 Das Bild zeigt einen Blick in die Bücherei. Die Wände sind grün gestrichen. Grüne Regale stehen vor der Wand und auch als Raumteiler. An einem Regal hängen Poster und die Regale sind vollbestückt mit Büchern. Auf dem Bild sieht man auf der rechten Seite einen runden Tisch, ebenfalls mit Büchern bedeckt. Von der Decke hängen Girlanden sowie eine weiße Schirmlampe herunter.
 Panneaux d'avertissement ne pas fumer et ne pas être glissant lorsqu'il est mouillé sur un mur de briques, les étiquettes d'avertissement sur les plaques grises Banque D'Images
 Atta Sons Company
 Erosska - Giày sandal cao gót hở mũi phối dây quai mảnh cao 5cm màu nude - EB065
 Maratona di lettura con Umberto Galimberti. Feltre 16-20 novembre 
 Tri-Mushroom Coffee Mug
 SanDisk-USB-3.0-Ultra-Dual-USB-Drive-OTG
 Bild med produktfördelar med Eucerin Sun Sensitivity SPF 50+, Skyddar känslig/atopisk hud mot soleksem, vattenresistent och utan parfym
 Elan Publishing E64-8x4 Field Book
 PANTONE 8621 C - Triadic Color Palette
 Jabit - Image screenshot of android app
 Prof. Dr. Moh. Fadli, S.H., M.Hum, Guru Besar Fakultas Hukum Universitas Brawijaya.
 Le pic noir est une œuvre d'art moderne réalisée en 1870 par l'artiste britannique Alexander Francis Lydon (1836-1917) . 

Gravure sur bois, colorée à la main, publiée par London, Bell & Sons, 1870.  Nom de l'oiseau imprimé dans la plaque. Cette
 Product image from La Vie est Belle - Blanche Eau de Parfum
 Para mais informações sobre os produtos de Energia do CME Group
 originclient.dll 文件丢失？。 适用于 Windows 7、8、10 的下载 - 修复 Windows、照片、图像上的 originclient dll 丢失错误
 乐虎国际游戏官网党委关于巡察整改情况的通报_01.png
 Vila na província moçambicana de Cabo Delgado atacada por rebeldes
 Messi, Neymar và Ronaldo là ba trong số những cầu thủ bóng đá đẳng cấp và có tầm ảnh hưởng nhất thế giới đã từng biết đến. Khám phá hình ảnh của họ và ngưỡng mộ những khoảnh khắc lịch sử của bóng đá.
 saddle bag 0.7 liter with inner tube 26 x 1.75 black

------------------------------------------------------------

__What you have to do__. Identify all lines in the records above with the word "Sons".

__Solution__.
 Atta Sons Company
Gravure sur bois, colorée à la main, publiée par London, Bell & Sons, 1870.  Nom de l'oiseau imprimé dans la plaque. Cette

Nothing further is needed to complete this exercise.